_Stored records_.
• • • •
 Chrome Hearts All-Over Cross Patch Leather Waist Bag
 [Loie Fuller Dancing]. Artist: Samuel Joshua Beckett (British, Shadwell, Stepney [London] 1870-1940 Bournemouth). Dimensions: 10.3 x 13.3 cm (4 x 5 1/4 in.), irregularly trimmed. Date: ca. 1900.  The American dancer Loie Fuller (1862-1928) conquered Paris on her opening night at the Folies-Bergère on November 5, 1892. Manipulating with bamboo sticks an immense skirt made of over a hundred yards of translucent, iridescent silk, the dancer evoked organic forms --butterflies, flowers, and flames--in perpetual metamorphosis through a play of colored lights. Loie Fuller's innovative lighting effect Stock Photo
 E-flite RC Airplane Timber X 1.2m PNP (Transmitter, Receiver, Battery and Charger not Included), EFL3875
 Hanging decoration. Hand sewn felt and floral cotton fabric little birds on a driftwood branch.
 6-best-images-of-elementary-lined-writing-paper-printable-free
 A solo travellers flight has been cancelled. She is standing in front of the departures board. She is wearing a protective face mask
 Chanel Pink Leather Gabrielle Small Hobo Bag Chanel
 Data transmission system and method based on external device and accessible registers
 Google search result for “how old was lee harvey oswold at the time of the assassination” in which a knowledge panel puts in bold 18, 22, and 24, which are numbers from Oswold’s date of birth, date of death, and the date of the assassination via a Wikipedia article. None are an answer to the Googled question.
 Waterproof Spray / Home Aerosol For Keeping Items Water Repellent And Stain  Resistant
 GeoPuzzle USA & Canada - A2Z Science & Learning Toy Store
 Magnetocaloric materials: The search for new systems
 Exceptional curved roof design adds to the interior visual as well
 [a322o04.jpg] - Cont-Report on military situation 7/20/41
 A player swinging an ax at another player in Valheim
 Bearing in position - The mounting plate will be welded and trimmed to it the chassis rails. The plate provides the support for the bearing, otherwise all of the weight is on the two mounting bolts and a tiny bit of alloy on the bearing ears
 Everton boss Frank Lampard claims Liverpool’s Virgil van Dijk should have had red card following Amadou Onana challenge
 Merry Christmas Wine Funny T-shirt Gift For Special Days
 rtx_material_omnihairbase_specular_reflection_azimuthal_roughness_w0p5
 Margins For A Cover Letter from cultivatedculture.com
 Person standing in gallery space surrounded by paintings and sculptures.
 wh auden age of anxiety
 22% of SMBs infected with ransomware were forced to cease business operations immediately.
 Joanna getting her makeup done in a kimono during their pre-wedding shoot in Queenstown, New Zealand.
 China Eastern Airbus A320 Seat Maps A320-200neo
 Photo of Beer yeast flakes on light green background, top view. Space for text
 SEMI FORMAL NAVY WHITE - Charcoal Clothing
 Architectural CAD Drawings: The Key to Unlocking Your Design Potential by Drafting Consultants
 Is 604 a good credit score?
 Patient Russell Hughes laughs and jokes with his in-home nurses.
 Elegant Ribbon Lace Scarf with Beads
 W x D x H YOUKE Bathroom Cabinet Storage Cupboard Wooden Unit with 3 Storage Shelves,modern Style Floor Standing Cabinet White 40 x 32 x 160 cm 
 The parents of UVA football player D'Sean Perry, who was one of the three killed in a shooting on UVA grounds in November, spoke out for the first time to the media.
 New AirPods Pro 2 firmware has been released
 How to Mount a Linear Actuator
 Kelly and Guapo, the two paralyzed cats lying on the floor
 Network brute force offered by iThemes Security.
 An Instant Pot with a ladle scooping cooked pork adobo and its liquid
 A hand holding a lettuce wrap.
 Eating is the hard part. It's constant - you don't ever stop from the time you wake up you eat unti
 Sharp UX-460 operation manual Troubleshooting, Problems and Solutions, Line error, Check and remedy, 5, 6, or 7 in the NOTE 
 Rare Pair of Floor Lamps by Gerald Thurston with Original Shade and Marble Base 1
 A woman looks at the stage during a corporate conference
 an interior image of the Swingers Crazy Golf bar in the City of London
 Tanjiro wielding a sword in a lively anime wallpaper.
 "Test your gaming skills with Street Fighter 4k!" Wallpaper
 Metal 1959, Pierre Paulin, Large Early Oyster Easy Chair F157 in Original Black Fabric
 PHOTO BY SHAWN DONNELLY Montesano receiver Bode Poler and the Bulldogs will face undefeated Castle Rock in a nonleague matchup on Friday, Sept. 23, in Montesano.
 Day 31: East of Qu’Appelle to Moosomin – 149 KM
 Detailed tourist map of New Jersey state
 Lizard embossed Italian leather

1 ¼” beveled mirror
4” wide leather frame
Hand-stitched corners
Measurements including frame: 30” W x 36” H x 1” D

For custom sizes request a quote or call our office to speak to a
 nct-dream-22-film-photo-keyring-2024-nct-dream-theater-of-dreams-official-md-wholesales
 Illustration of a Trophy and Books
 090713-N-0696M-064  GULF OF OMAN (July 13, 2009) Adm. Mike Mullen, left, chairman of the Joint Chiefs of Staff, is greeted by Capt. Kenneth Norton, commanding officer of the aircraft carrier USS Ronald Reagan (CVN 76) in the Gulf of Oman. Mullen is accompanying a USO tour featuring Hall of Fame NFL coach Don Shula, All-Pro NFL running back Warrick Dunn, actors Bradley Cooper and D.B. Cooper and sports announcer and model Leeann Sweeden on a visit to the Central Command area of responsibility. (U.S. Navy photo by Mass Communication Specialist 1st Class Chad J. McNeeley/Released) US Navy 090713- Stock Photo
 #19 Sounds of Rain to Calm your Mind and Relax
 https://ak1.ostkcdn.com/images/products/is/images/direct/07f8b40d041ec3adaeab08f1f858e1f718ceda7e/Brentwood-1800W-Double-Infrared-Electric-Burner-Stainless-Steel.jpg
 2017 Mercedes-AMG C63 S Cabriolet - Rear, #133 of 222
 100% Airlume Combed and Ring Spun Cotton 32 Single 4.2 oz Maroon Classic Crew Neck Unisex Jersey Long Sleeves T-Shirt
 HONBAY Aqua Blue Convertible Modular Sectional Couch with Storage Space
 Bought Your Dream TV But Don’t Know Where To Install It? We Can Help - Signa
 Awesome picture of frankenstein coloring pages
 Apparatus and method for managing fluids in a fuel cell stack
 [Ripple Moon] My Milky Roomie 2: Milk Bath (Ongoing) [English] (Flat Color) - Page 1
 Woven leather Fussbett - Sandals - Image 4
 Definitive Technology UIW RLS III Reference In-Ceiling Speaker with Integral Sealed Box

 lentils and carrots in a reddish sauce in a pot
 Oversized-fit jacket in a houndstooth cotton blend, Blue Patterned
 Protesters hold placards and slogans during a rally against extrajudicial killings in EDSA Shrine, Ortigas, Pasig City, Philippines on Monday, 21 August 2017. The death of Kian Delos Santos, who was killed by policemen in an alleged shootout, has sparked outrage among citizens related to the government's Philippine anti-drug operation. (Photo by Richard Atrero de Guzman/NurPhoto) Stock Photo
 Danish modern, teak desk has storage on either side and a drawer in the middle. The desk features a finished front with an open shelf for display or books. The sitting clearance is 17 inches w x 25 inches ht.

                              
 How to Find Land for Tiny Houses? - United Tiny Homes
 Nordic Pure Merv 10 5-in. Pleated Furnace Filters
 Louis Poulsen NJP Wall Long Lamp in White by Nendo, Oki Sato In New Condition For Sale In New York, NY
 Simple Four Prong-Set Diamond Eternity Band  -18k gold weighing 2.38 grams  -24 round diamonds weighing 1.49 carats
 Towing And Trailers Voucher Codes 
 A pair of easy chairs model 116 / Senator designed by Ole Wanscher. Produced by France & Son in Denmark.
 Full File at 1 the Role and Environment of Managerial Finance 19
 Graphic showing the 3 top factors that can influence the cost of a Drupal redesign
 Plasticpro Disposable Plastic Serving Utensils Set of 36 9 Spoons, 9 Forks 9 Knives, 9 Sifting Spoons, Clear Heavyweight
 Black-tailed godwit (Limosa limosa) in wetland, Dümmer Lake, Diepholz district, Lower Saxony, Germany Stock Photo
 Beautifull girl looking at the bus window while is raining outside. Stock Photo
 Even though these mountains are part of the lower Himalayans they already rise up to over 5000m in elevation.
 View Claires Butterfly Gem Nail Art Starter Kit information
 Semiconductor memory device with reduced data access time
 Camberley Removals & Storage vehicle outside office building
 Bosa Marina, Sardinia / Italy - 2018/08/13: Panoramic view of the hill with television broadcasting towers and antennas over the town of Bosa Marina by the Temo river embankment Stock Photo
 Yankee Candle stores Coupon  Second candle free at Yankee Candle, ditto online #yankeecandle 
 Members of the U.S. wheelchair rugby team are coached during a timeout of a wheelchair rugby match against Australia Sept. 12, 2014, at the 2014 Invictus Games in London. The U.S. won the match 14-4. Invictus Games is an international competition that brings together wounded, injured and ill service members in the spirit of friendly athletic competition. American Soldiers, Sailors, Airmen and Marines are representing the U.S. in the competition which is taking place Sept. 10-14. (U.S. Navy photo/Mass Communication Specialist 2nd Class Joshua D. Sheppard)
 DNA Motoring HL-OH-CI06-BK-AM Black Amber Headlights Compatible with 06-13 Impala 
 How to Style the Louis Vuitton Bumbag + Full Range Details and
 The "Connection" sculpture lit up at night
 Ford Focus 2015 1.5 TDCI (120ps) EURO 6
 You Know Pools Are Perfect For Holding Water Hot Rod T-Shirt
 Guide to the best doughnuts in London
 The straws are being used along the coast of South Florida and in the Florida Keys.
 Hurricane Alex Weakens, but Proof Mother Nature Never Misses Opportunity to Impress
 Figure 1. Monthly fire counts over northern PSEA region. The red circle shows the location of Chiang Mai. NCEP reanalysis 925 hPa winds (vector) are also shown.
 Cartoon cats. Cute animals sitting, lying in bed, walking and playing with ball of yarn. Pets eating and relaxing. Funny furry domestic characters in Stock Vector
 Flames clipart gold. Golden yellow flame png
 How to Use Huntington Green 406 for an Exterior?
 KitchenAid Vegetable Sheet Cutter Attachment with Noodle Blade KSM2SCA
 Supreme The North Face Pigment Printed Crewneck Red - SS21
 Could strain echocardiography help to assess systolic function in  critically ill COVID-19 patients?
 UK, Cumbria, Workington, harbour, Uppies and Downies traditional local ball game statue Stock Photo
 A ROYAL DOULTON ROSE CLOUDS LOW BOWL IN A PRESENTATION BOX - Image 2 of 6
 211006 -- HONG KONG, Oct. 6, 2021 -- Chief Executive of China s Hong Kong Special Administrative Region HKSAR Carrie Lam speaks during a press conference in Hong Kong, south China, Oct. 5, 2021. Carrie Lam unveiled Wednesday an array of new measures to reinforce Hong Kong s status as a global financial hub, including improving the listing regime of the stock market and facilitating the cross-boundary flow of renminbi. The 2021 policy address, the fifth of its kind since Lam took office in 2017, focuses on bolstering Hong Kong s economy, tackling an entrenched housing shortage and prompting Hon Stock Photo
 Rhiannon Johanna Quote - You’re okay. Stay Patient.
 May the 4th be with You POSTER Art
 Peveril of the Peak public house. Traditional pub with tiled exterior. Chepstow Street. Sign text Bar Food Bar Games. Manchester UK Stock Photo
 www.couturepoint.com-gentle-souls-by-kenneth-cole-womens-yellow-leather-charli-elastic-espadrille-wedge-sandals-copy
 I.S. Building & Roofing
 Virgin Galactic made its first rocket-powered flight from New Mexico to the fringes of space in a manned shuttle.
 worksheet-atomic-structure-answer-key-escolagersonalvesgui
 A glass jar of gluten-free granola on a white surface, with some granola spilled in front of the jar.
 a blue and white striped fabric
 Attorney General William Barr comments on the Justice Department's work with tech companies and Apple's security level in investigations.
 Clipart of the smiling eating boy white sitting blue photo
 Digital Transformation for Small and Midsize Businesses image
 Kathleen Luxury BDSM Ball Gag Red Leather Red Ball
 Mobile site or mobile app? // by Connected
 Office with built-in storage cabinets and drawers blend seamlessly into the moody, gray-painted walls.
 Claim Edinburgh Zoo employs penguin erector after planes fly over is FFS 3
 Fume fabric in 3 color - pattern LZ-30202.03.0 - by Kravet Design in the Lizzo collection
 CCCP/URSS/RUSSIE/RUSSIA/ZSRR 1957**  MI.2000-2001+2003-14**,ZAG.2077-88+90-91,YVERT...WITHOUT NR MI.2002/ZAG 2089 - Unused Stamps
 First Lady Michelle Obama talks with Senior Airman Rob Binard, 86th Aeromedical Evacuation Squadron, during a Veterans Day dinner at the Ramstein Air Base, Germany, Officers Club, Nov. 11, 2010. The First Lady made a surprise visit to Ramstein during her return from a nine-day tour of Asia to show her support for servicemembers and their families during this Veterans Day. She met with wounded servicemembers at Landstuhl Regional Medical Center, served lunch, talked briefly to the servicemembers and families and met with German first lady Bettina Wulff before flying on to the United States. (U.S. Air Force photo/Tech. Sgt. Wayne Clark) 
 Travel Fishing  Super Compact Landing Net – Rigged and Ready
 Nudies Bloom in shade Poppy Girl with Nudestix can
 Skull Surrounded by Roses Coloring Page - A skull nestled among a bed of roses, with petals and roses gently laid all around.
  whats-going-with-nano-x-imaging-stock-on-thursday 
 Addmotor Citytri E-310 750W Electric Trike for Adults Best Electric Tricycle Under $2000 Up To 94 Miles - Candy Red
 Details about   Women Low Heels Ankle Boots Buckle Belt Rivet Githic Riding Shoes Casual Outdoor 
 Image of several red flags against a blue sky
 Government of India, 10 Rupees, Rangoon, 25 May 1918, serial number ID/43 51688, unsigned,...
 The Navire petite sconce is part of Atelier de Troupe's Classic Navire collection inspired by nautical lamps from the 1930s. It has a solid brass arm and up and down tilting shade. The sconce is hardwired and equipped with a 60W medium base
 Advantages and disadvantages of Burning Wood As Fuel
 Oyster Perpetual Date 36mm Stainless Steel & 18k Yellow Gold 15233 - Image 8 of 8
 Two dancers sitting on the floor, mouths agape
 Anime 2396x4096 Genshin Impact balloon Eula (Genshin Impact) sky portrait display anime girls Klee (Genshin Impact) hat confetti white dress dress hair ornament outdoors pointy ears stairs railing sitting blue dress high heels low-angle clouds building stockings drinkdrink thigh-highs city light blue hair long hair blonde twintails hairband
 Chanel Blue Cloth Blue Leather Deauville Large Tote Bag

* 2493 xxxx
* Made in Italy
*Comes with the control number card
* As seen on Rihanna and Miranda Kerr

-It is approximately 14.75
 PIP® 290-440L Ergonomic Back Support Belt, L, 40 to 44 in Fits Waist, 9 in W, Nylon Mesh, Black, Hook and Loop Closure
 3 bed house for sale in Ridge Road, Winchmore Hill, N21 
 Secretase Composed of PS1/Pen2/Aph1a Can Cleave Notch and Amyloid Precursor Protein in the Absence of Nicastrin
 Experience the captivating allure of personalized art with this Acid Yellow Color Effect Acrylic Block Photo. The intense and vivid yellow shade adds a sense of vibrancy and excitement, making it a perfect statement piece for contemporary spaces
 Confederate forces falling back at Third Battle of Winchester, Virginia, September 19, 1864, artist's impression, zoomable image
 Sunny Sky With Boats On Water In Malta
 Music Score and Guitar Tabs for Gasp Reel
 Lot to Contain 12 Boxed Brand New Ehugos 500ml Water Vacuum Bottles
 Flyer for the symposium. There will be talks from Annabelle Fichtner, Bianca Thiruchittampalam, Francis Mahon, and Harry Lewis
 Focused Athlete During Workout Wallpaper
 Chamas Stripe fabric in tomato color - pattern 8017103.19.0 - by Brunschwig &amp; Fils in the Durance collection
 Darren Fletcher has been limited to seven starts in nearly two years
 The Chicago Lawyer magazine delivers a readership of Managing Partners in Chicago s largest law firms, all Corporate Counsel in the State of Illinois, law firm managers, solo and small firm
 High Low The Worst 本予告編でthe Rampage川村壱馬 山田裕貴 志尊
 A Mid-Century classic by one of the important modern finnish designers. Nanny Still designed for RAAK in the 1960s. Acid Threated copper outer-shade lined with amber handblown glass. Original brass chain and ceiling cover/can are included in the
• • • •
_Task prompt_.
In the entries above, the lines from the one bearing "Attorney General William" up to and including the one bearing "- Unused Stamps" should be transcribed exactly; no other line is wanted.

_Exercise answer_.
 Attorney General William Barr comments on the Justice Department's work with tech companies and Apple's security level in investigations.
 Clipart of the smiling eating boy white sitting blue photo
 Digital Transformation for Small and Midsize Businesses image
 Kathleen Luxury BDSM Ball Gag Red Leather Red Ball
 Mobile site or mobile app? // by Connected
 Office with built-in storage cabinets and drawers blend seamlessly into the moody, gray-painted walls.
 Claim Edinburgh Zoo employs penguin erector after planes fly over is FFS 3
 Fume fabric in 3 color - pattern LZ-30202.03.0 - by Kravet Design in the Lizzo collection
 CCCP/URSS/RUSSIE/RUSSIA/ZSRR 1957**  MI.2000-2001+2003-14**,ZAG.2077-88+90-91,YVERT...WITHOUT NR MI.2002/ZAG 2089 - Unused Stamps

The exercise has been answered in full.